Here is the claim worth arguing about. The single biggest cause of production agent failure is not a weak model. It is bad context. The teams shipping reliable long-running agents are not the ones with the largest context windows or the newest frontier model. They are the ones with the most rigorous context management. And within that discipline there is a split nobody likes to talk about: most context-engineering effort goes into the transport problem, sliding windows and summarization and prompt assembly, while the durable memory layer, what persists with provenance and correction across sessions, is the half teams skip. It is also the half that actually compounds. This piece is about why that gap exists, and what closing it looks like.

What context engineering actually means

Strip the buzzword down and context engineering is the practice of governing everything the model sees at inference time. That is a larger surface than people expect, so it helps to enumerate it. On any given turn the context window is composed of several streams, each of which you can engineer independently:

  • The system layer. Instructions, role, output contract, the tool definitions themselves. Mostly static, but the tool descriptions alone can eat thousands of tokens if you are careless.
  • Conversation history. The running transcript of user and assistant turns. This is the part that grows without bound and is the usual target of compaction.
  • Tool results. Raw output from function calls, API responses, search hits. Often the largest and noisiest stream, and the one most likely to bury the signal.
  • Retrieved context. Documents and chunks pulled in by RAG for this query, ranked by similarity, frequently irrelevant despite the high score.
  • Durable memory. Facts the agent learned in earlier sessions and chose to keep: user preferences, prior decisions, corrections, the state of the world as the agent last understood it.
  • Cache state. What is prefix-stable across turns so the provider can serve it from cache, which is as much a cost and latency lever as a quality one.

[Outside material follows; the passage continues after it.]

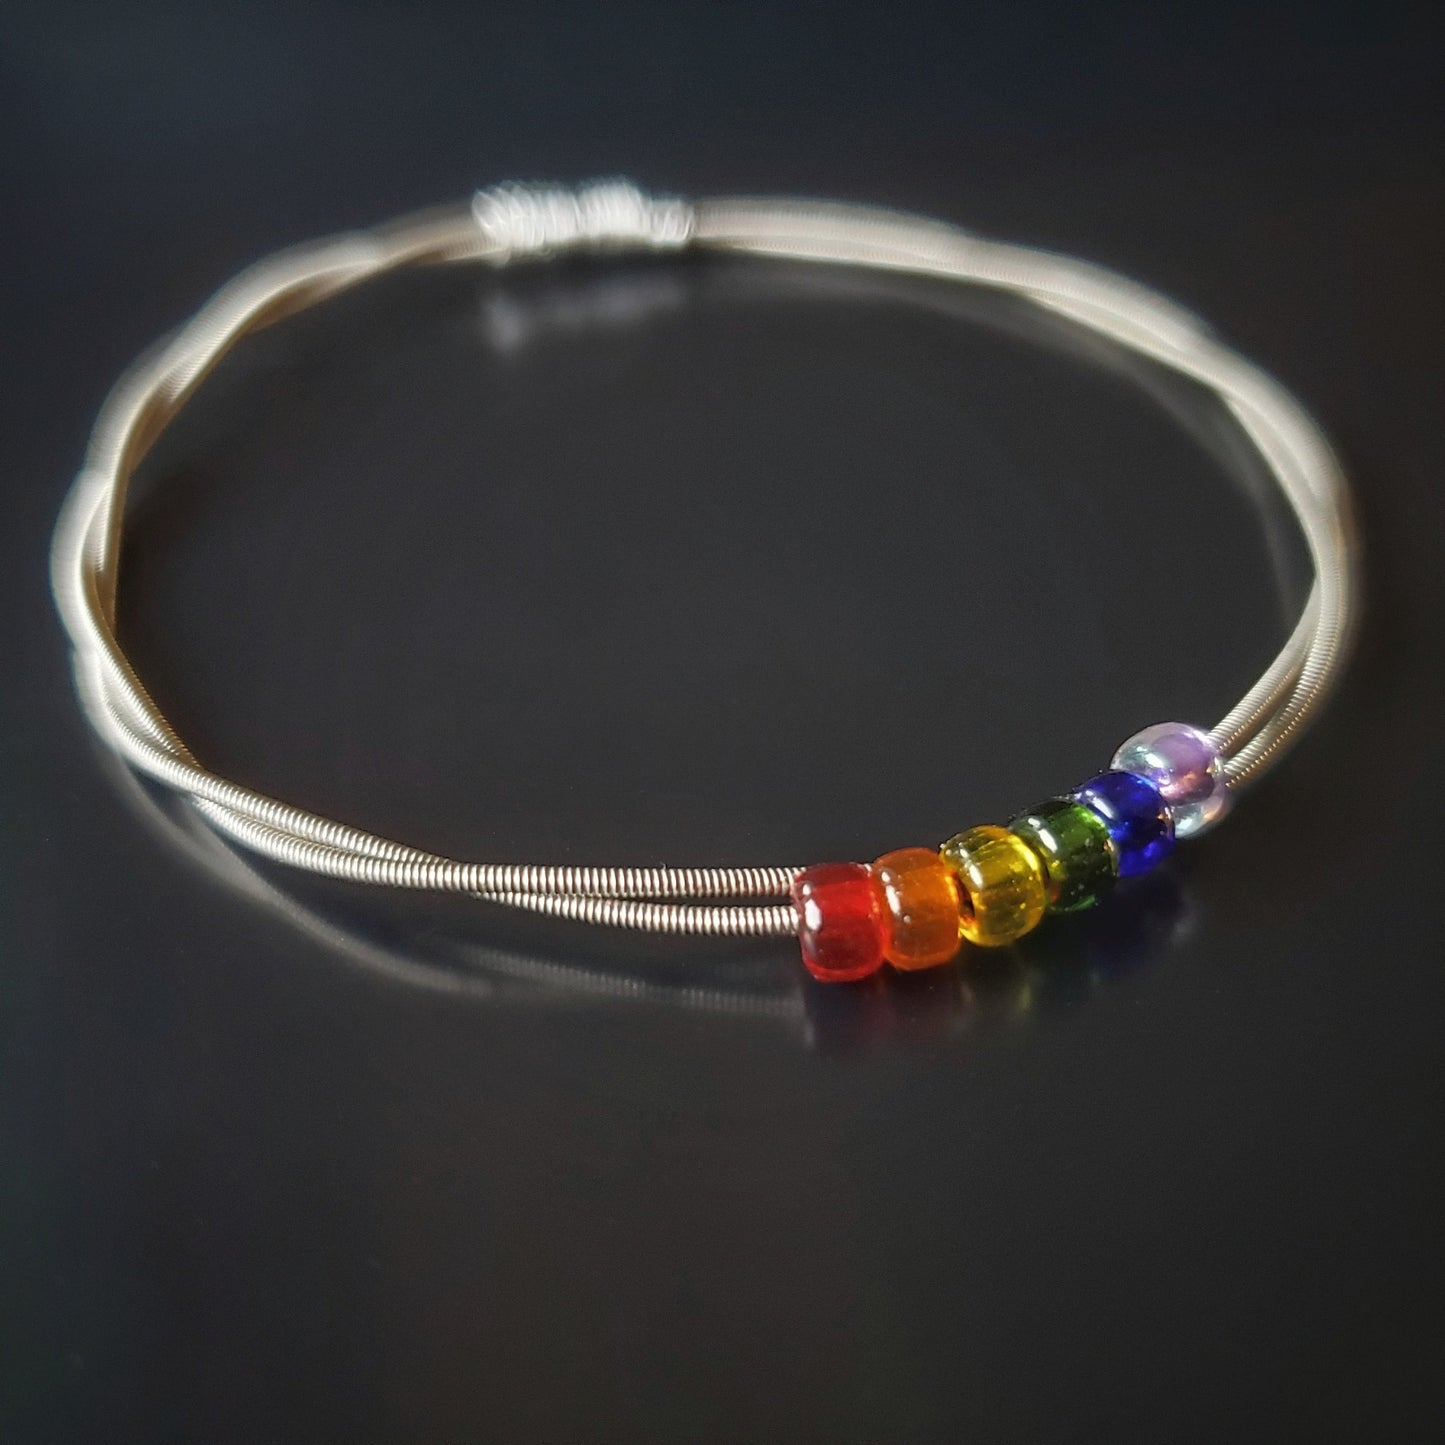 bangle style bracelet made from an upcycled guitar string - 6 glass beads represent the colours of the LGBTQ flag (red, orange, yellow, green, blue and purple)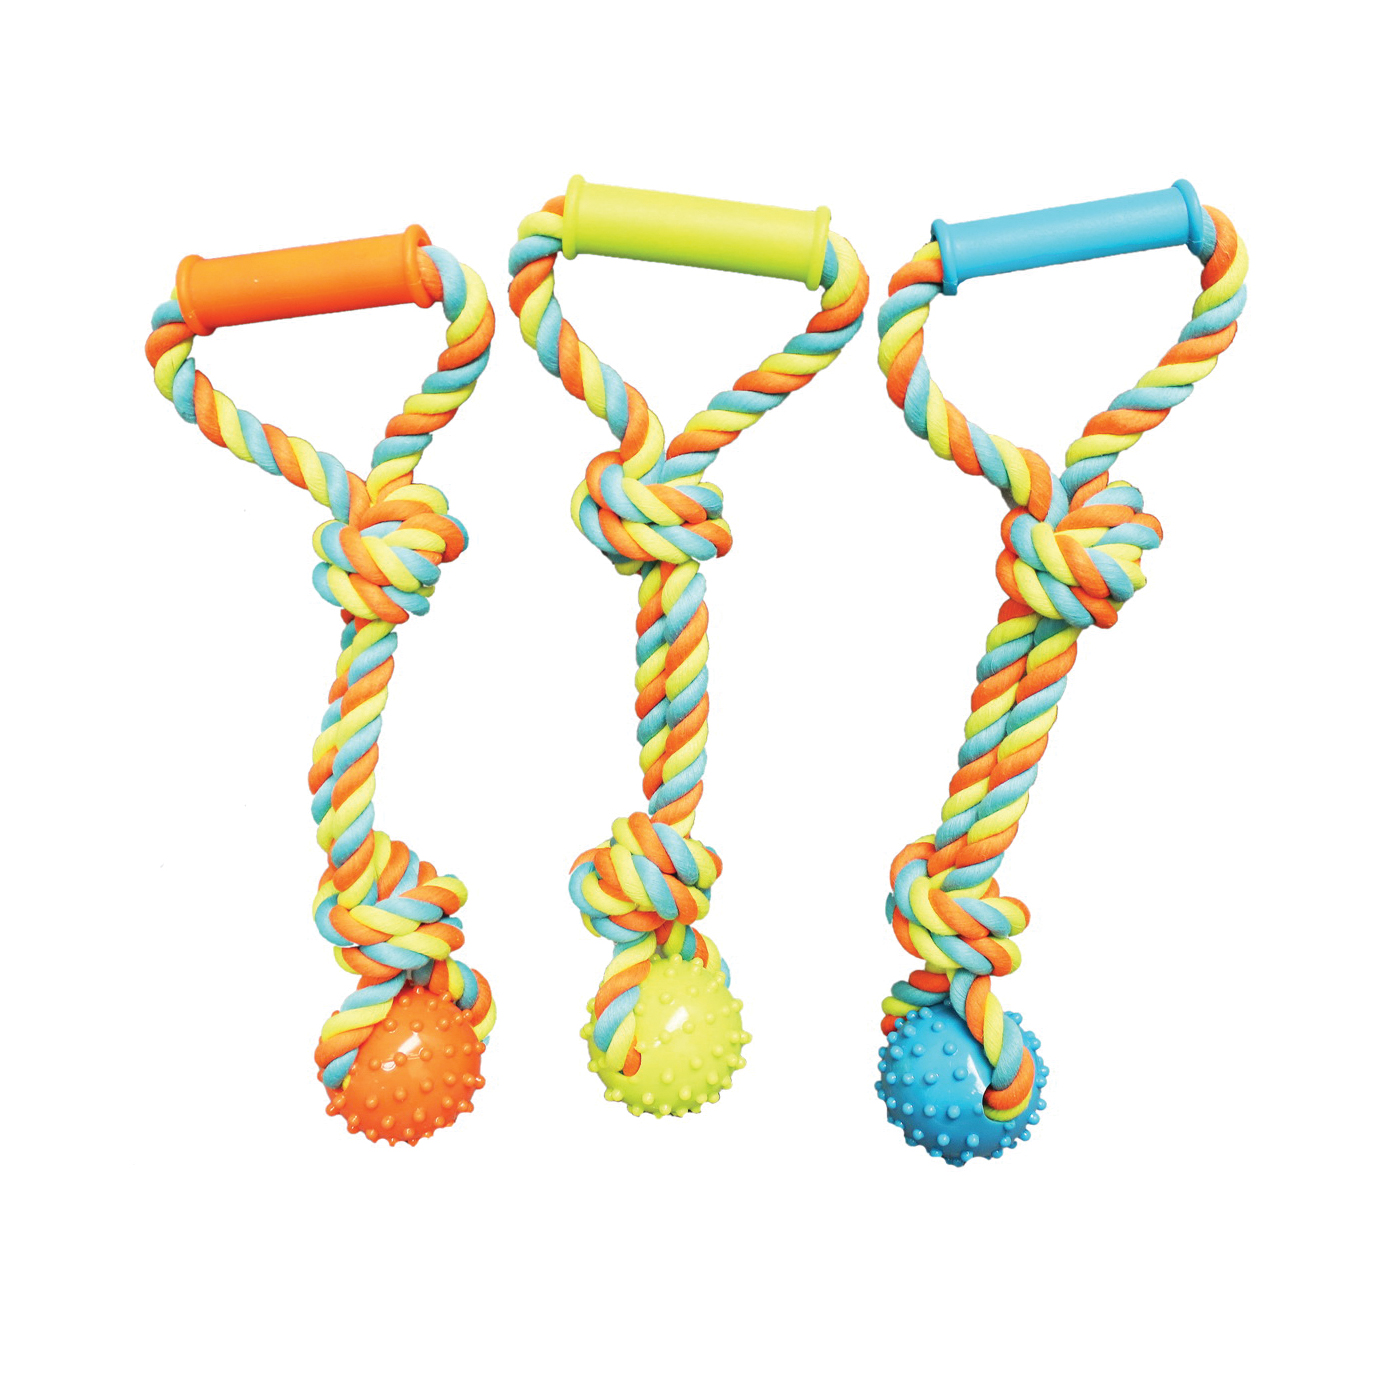 WB15520 Dog Toy, Tug Spike Ball, Thermoplastic Rubber

Context engineering is the set of decisions about which of these streams to include, in what order, at what fidelity, and when to evict. Five of the six are about this turn. Only one of them, durable memory, is about every turn that will ever come after. That asymmetry is the whole story, and it is why some observers have started framing memory itself as the new paradigm of context engineering rather than a feature bolted onto it.

Bigger windows do not fix it

The reflexive answer to context problems is more window. If the agent forgets, give it a million tokens. If retrieval misses, stuff the whole corpus in. This is wrong for a reason that has a name now: context rot. As the window fills, the model's ability to use any single token reliably degrades. It is not a hard cliff at the advertised limit. It is a gradual decline in attention precision, recall of facts buried in the middle, and instruction-following, that starts well before the window is full.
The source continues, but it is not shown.